Data:

☆ ☆ ☆

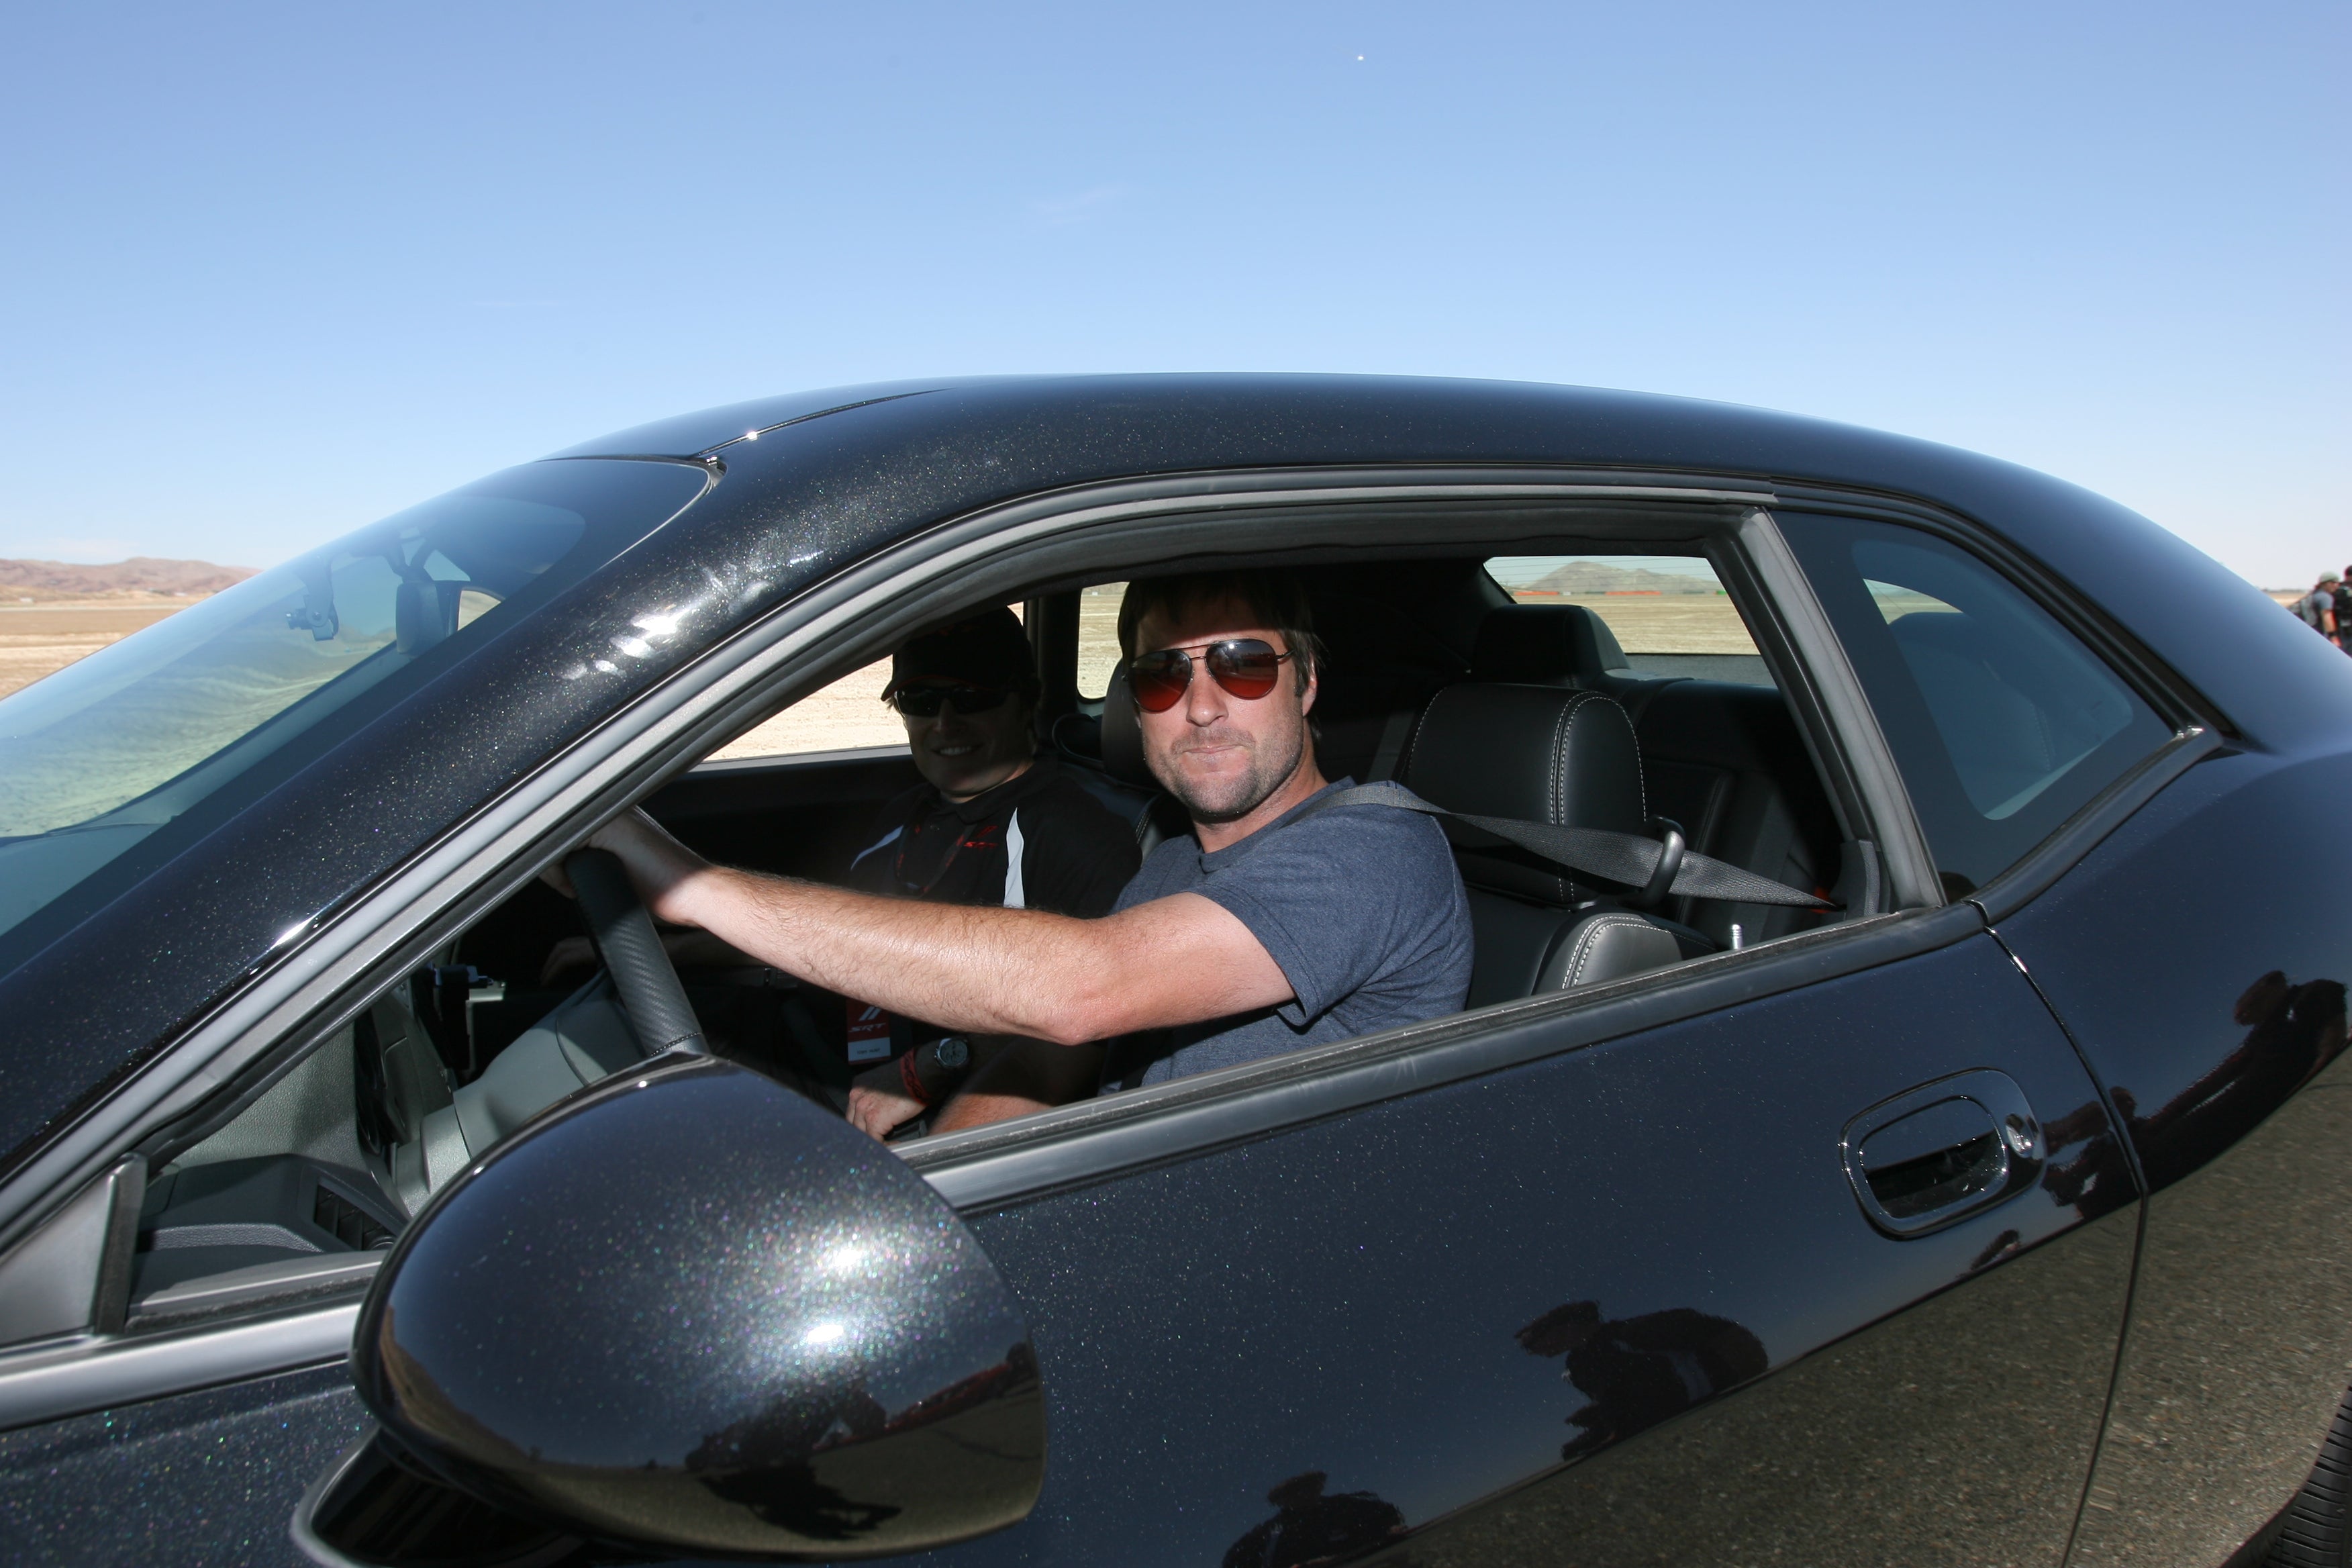 Luke Wilson driving a car outdoors.
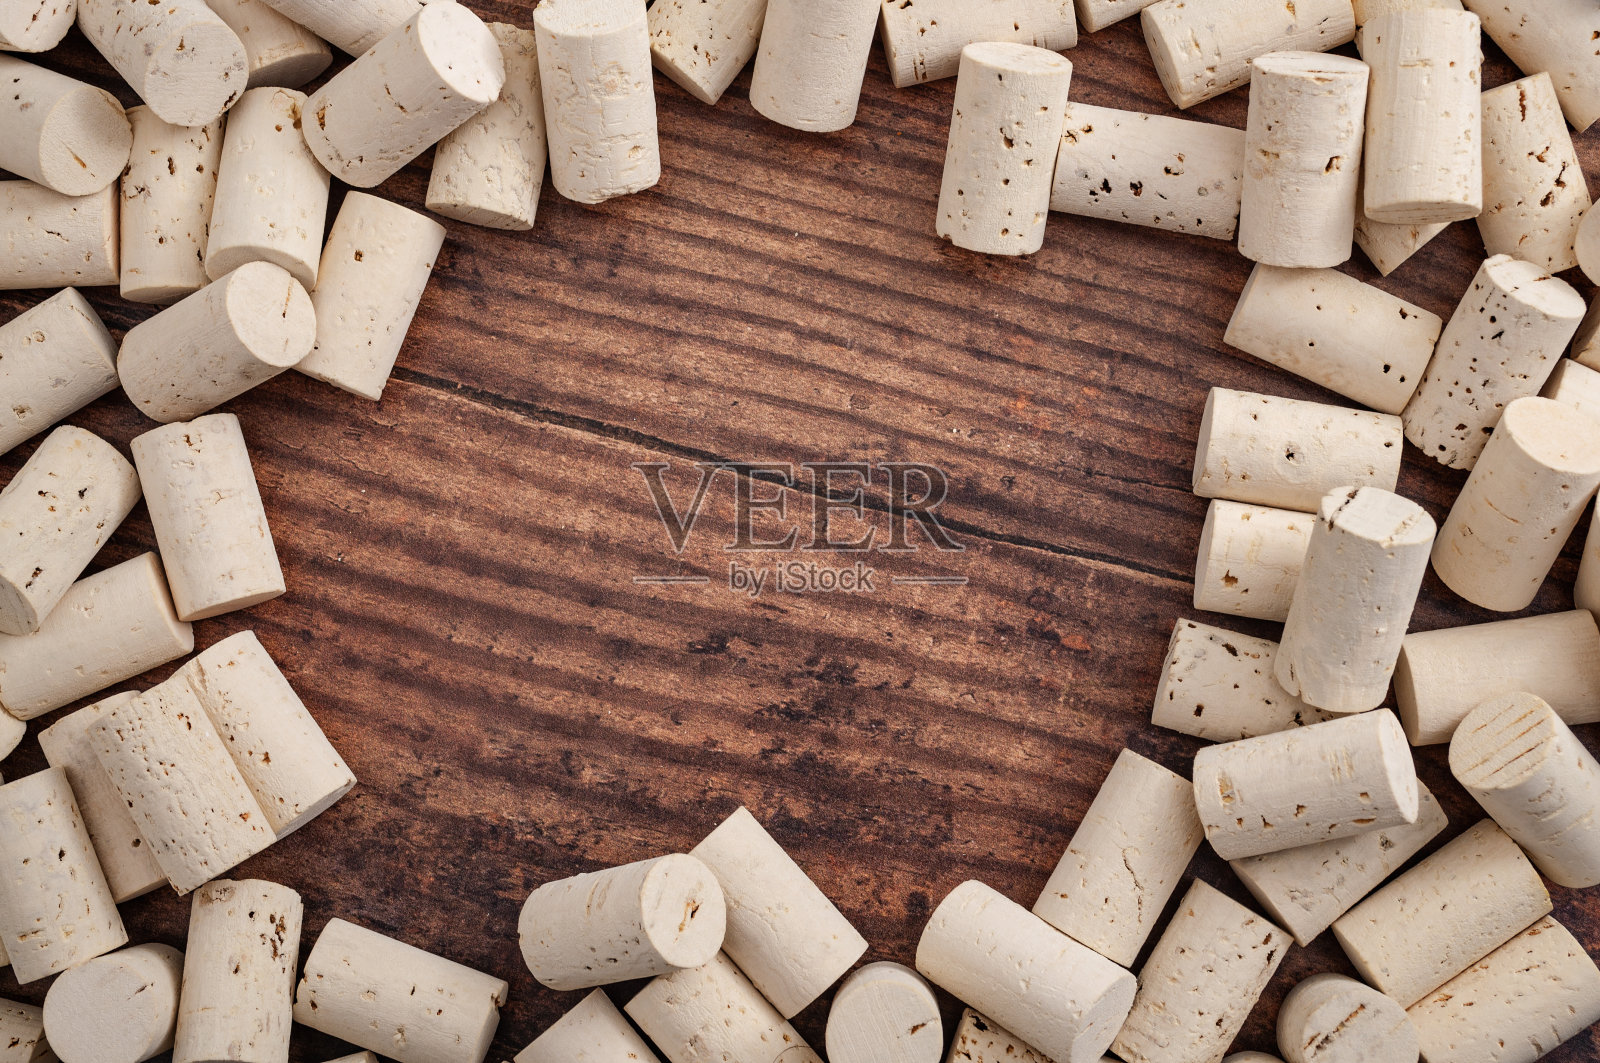 酒窖，酒厂背景和精品葡萄酒的概念选择与完整的框架拍摄的酒瓶软木塞在木材背景与复制空间照片摄影图片
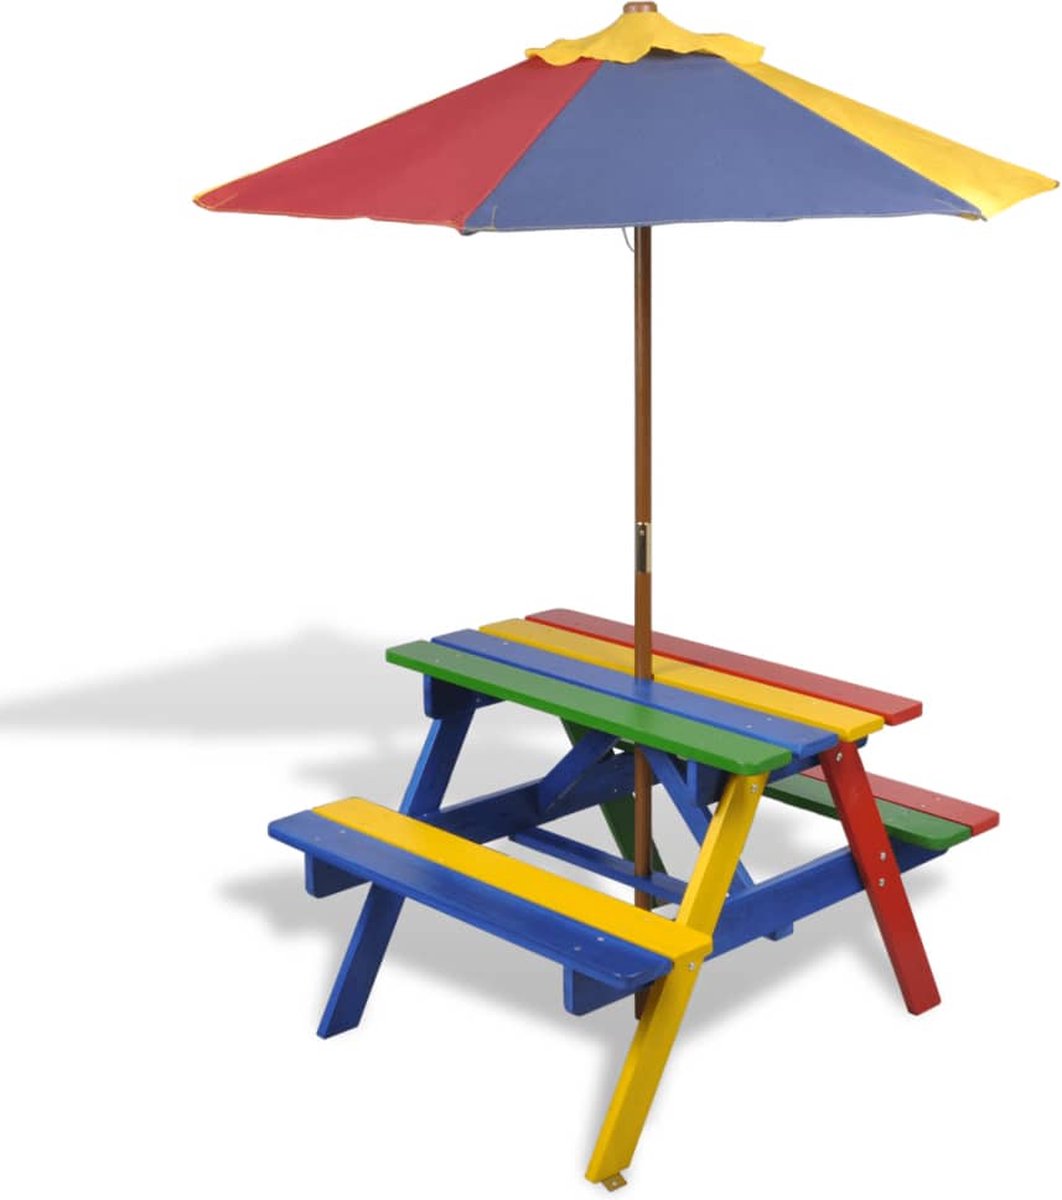 VidaLife Kinderpicknicktafel met banken en parasol hout meerkleurig

☆ ☆ ☆

Repeat the listing above verbatim, but exclude the pictures it contains.

 Luke Wilson driving a car outdoors.
 酒窖，酒厂背景和精品葡萄酒的概念选择与完整的框架拍摄的酒瓶软木塞在木材背景与复制空间照片摄影图片
 VidaLife Kinderpicknicktafel met banken en parasol hout meerkleurig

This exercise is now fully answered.